AIM OF THE EXERCISE: Return the following from the records below: each line, word for word, starting with the line that contains "Usb Type C Cable" and going on through the line that contains "Students working with", with nothing outside that range.

Items from a dataset:
——————————

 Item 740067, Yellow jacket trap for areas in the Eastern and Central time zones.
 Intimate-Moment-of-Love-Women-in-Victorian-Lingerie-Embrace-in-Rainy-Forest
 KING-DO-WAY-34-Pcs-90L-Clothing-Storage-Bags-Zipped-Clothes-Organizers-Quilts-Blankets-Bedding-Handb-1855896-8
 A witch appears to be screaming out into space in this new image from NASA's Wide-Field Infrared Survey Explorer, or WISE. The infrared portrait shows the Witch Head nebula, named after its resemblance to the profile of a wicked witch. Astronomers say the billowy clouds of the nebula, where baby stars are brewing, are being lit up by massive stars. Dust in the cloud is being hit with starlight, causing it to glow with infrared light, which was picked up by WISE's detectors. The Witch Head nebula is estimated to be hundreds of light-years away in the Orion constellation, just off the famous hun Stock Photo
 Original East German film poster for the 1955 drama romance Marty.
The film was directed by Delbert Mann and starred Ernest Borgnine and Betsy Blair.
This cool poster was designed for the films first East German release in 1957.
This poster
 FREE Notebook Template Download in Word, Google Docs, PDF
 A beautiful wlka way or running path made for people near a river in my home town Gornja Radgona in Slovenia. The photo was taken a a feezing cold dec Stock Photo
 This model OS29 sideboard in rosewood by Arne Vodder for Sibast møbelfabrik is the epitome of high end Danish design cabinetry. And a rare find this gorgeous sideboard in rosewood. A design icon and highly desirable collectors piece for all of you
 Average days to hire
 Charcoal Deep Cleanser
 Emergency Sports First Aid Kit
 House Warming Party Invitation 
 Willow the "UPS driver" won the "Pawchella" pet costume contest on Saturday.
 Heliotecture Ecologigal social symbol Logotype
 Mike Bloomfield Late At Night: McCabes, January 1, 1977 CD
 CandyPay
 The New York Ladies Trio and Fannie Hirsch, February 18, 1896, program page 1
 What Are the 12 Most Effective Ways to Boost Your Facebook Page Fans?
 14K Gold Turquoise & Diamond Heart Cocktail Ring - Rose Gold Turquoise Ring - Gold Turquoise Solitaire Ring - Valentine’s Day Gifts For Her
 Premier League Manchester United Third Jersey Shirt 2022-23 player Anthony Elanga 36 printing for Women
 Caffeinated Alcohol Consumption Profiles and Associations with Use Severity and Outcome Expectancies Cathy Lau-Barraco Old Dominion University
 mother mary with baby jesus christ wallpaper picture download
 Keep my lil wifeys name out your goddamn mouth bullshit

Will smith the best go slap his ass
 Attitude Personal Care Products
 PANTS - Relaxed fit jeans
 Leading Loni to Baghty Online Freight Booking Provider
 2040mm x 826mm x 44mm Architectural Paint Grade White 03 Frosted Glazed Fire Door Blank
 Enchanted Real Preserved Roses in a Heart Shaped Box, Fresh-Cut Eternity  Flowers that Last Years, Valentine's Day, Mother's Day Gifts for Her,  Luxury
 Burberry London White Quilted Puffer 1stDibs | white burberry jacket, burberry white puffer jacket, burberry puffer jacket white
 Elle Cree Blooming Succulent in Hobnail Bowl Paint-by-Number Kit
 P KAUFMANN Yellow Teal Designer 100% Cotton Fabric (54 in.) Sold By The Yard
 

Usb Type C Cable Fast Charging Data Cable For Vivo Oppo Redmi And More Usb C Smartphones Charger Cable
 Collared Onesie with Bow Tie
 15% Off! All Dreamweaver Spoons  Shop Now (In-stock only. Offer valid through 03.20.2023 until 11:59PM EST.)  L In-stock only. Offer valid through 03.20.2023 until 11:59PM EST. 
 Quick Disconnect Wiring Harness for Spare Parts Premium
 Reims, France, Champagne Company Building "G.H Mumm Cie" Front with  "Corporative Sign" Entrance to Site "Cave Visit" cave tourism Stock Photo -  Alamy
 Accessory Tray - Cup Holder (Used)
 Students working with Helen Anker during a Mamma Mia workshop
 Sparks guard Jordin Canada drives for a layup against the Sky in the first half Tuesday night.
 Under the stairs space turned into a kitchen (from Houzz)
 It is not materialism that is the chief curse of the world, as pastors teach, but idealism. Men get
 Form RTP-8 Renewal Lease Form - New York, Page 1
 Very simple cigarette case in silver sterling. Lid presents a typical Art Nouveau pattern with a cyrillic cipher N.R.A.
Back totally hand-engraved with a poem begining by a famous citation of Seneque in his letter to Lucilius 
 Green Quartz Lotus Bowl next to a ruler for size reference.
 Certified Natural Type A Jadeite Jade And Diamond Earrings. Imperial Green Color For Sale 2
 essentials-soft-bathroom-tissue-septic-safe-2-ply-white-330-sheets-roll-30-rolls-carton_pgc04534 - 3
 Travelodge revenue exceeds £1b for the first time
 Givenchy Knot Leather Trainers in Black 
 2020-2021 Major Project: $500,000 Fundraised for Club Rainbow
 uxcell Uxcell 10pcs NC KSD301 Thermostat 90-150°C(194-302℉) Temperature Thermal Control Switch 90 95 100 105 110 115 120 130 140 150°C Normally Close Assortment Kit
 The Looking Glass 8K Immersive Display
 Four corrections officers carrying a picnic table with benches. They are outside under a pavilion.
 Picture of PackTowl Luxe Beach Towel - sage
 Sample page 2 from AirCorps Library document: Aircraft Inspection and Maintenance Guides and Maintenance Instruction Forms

——————————

SOLUTION:
Usb Type C Cable Fast Charging Data Cable For Vivo Oppo Redmi And More Usb C Smartphones Charger Cable
 Collared Onesie with Bow Tie
 15% Off! All Dreamweaver Spoons  Shop Now (In-stock only. Offer valid through 03.20.2023 until 11:59PM EST.)  L In-stock only. Offer valid through 03.20.2023 until 11:59PM EST. 
 Quick Disconnect Wiring Harness for Spare Parts Premium
 Reims, France, Champagne Company Building "G.H Mumm Cie" Front with  "Corporative Sign" Entrance to Site "Cave Visit" cave tourism Stock Photo -  Alamy
 Accessory Tray - Cup Holder (Used)
 Students working with Helen Anker during a Mamma Mia workshop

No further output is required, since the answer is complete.